Repeat the listing exactly. Pictures stay out of your copy.

**Information provided**
————

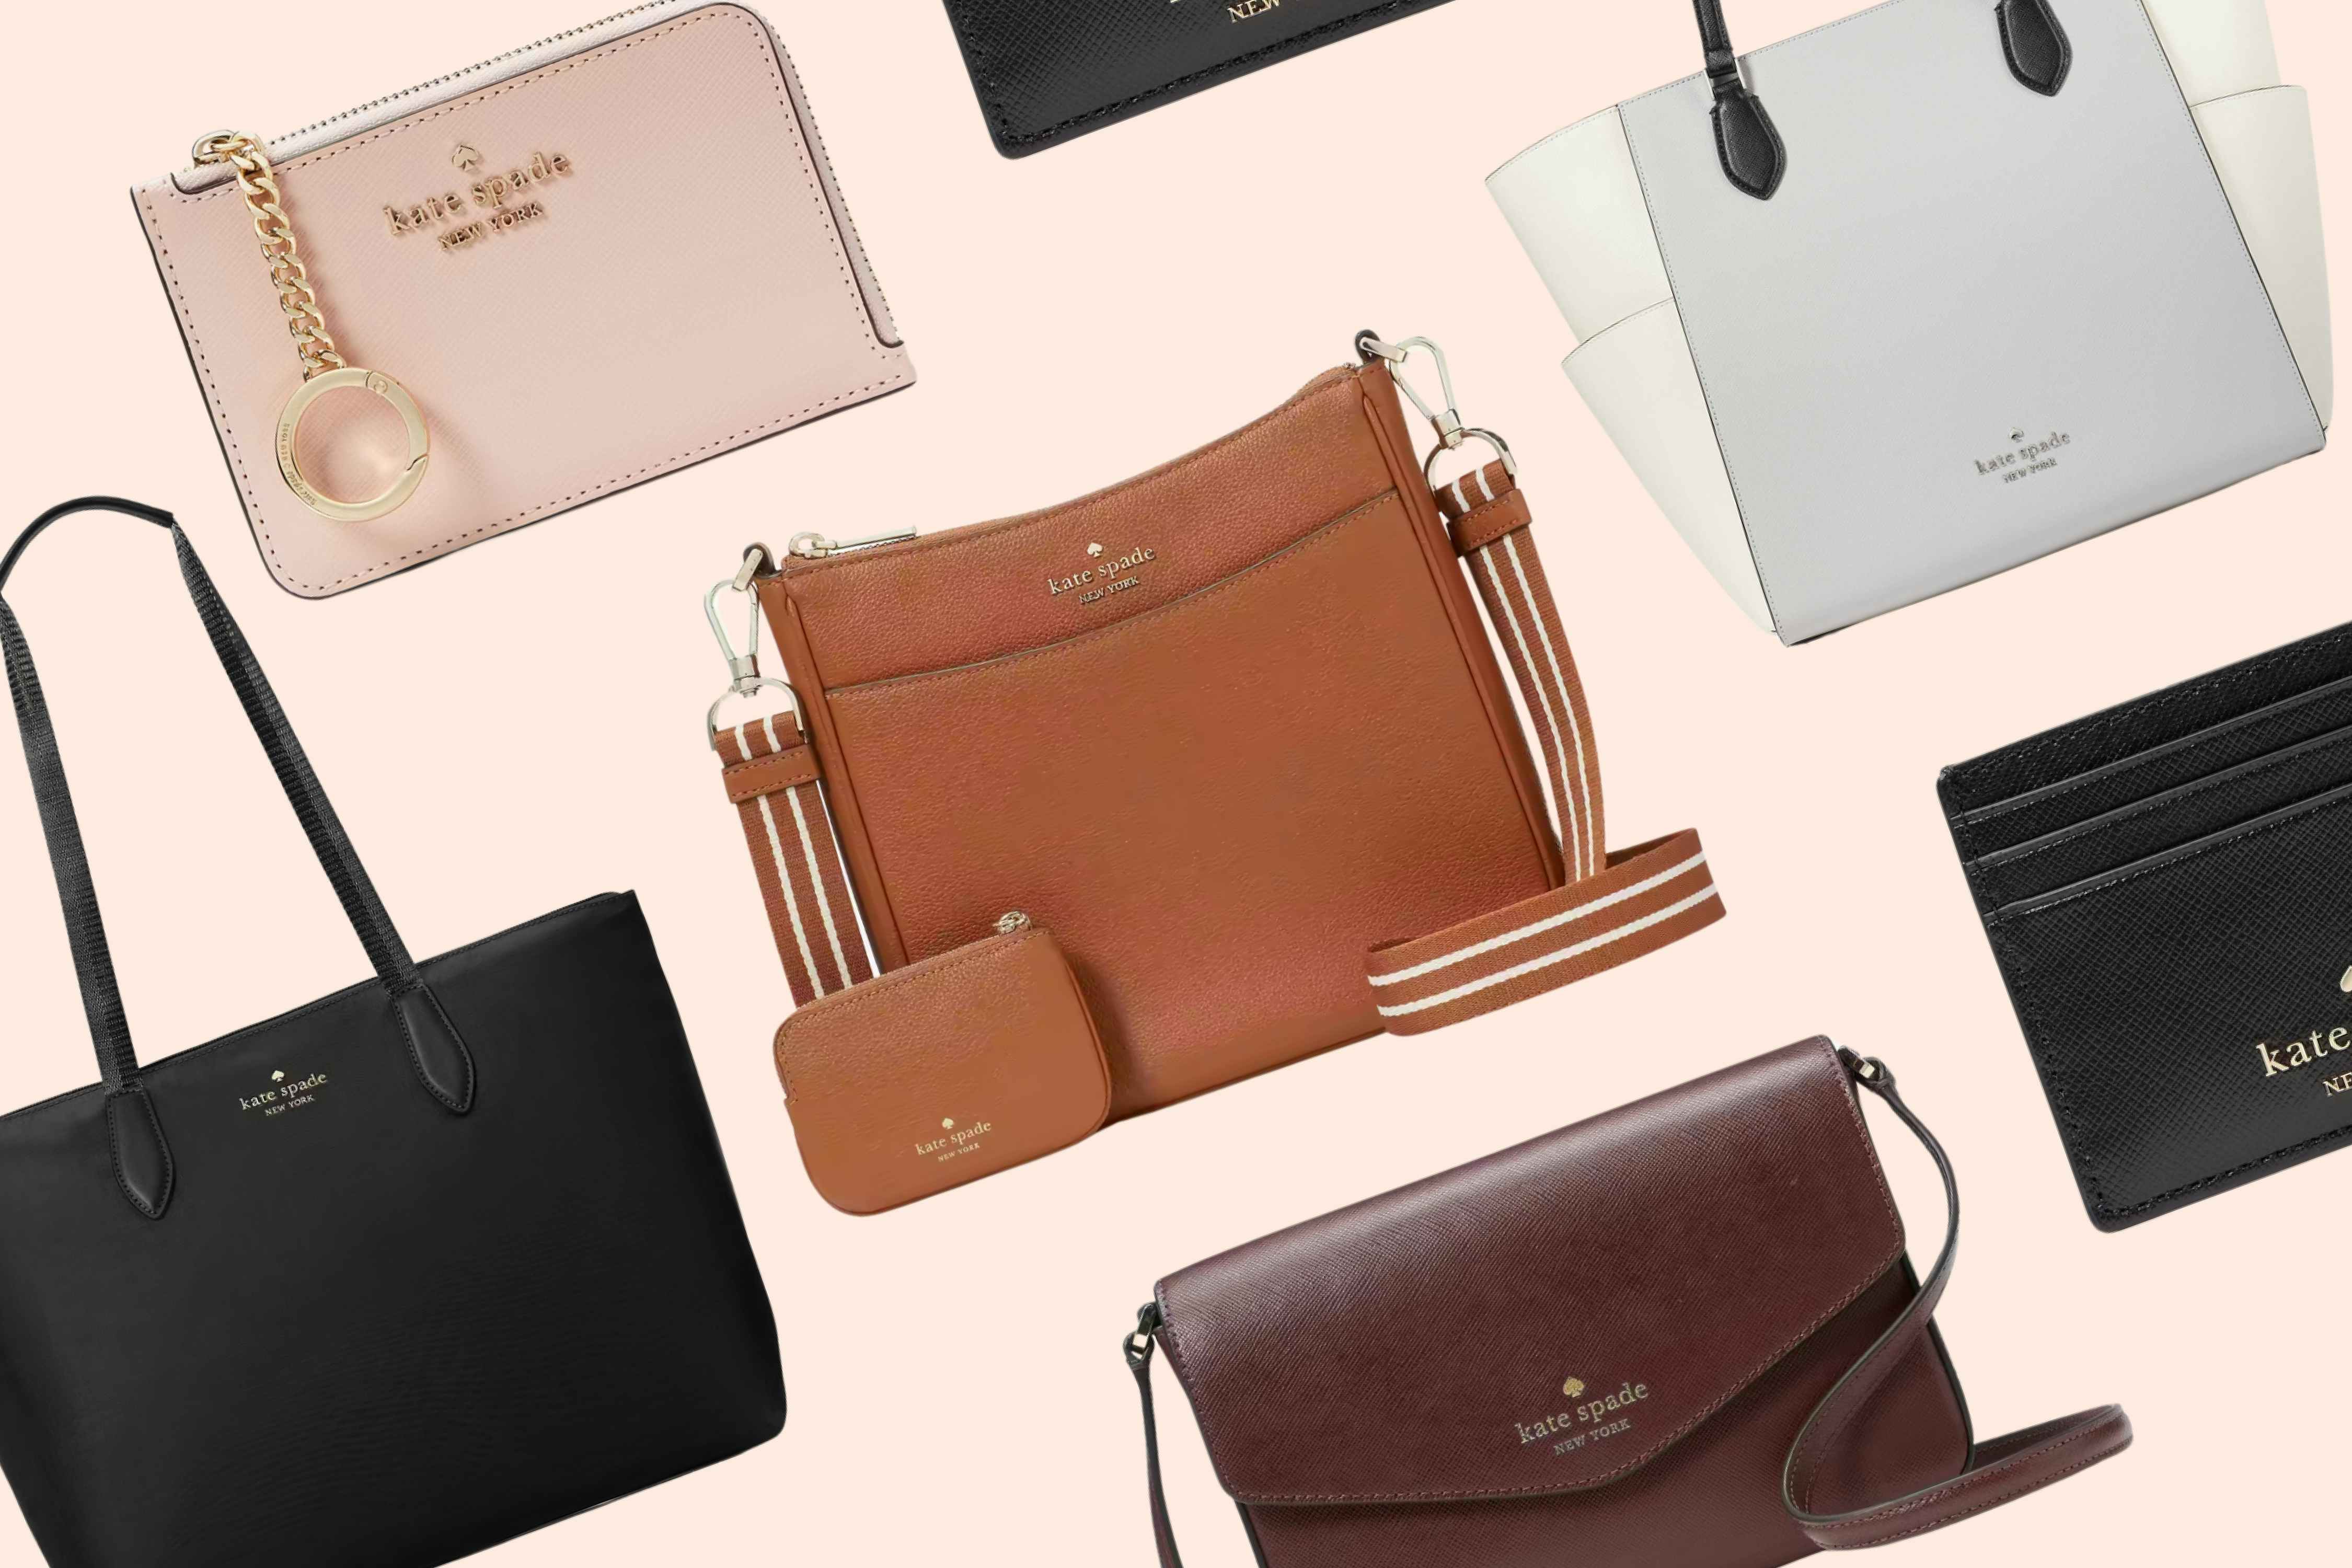 Kate Spade Sale on 180+ Styles: $75 Leather Bag, $55 Wallet — Last Day
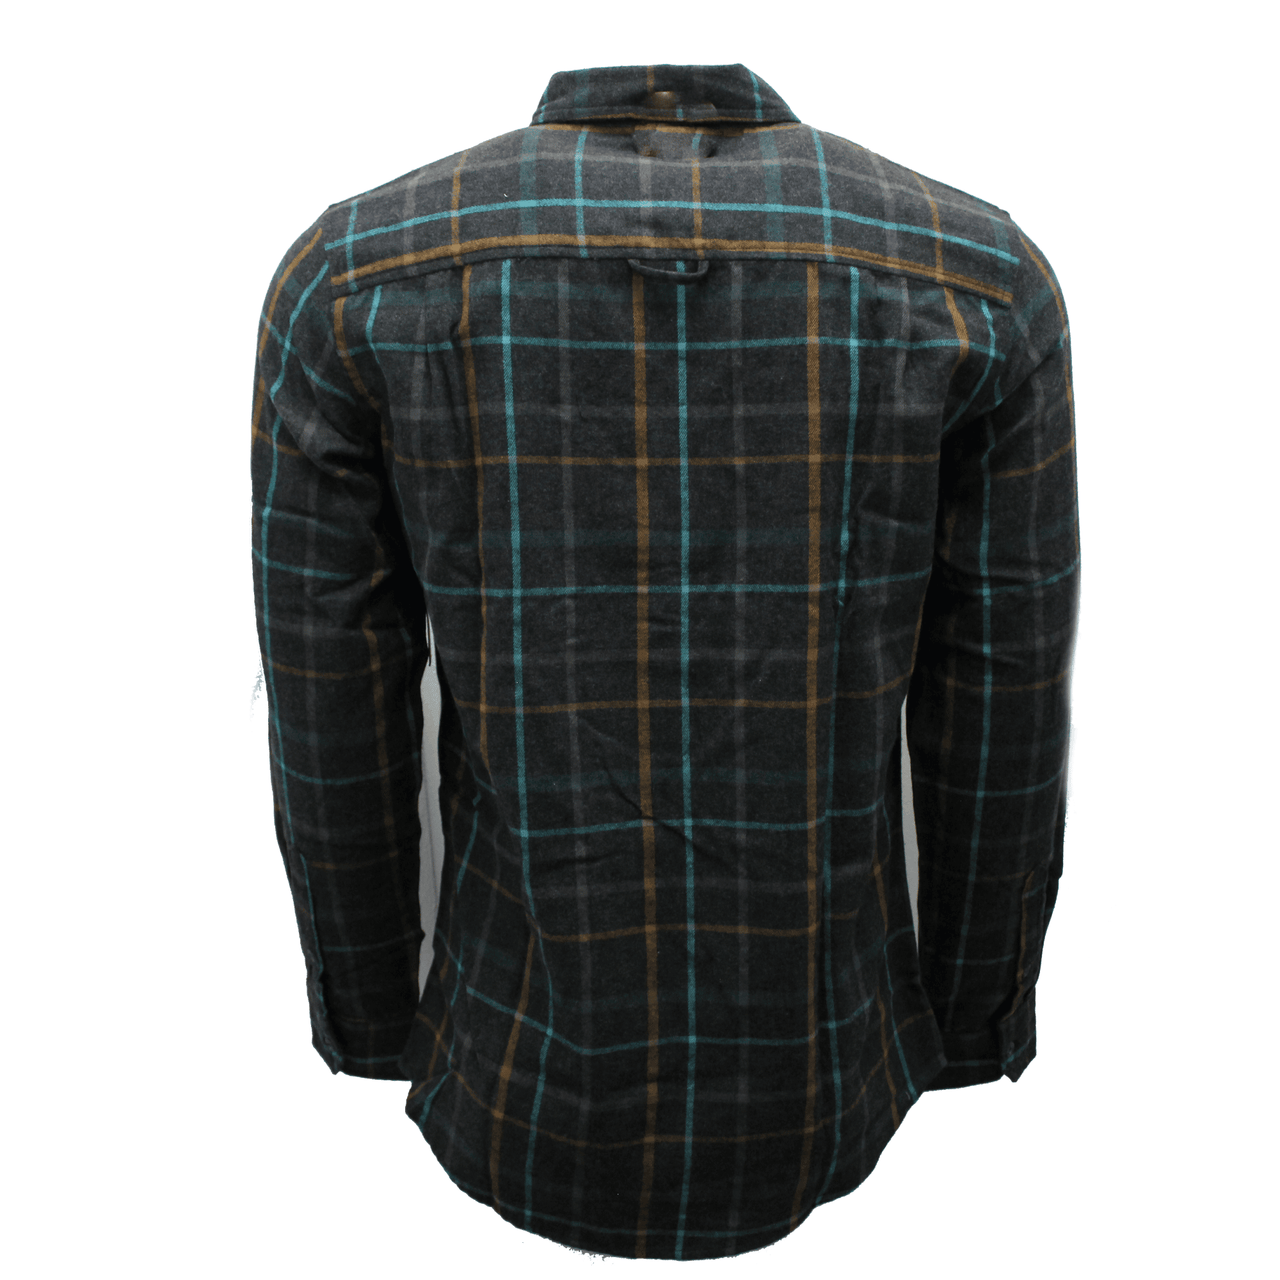 Charcoal and Teal Plaid Flannel
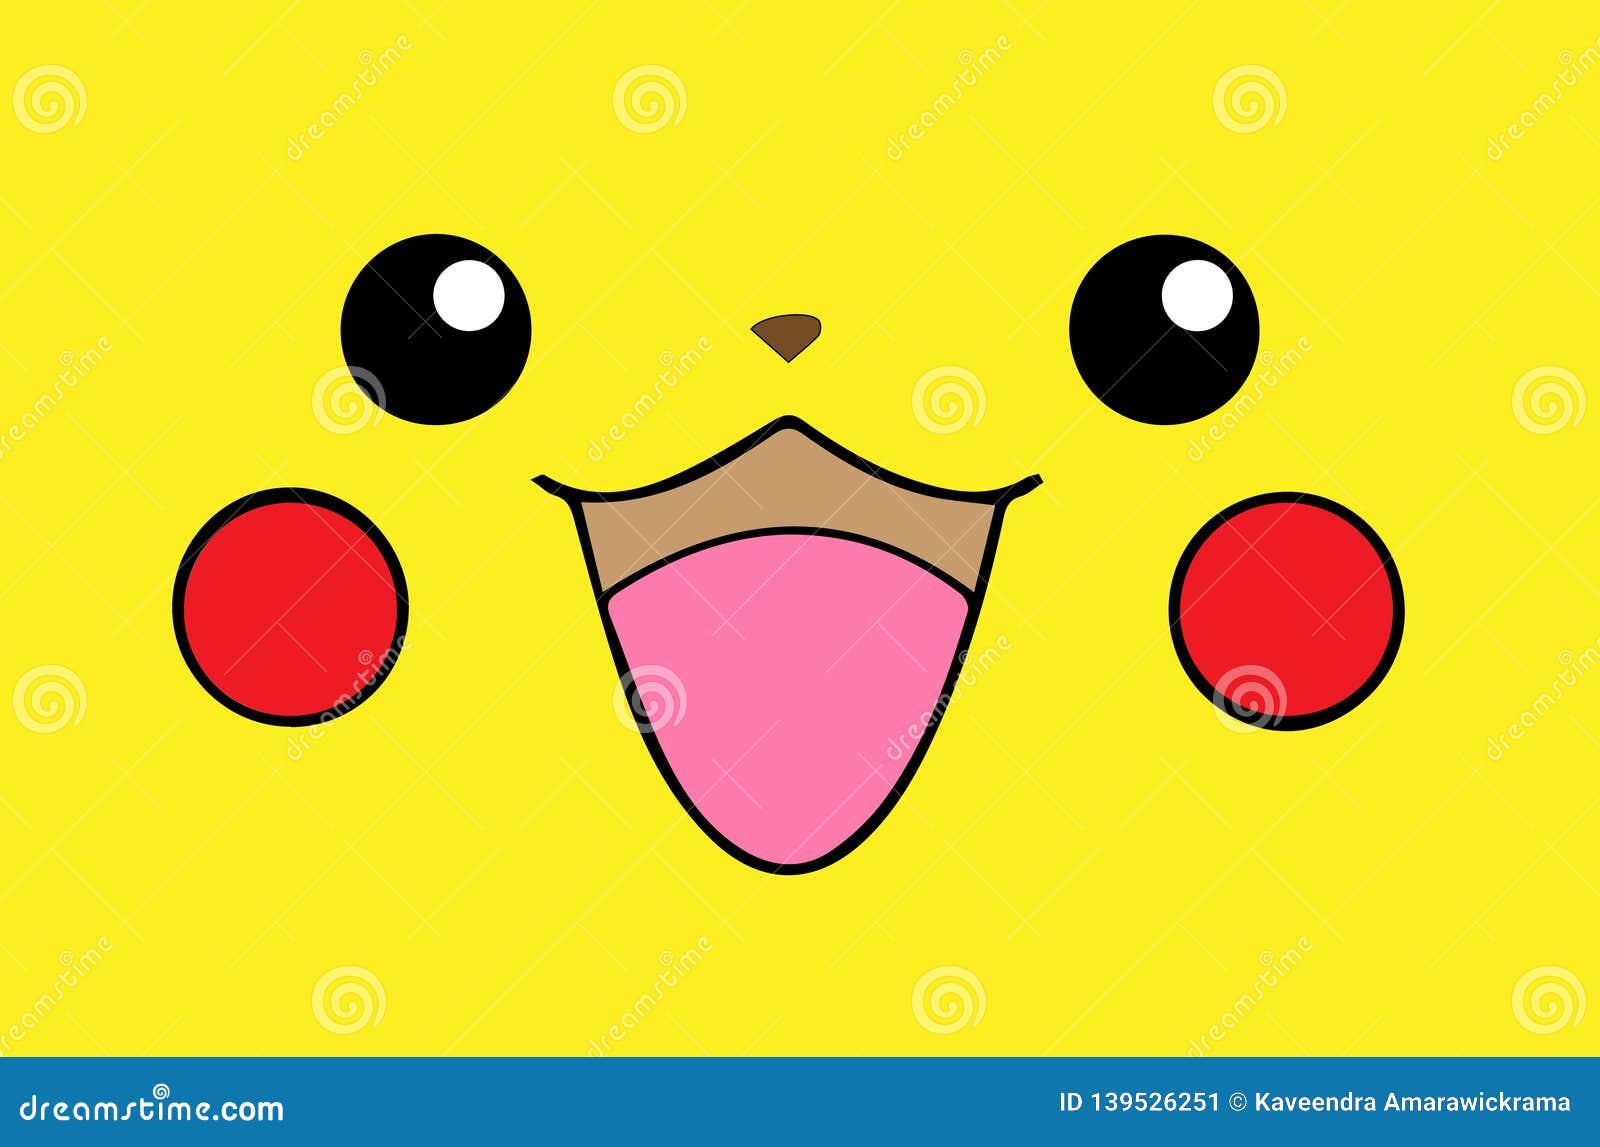 Abstract Pikachu Face Design Illustration Editorial Photo Illustration Of Work Time

————

**Your solution**
 Kate Spade Sale on 180+ Styles: $75 Leather Bag, $55 Wallet — Last Day
 Charcoal and Teal Plaid Flannel
 Abstract Pikachu Face Design Illustration Editorial Photo Illustration Of Work Time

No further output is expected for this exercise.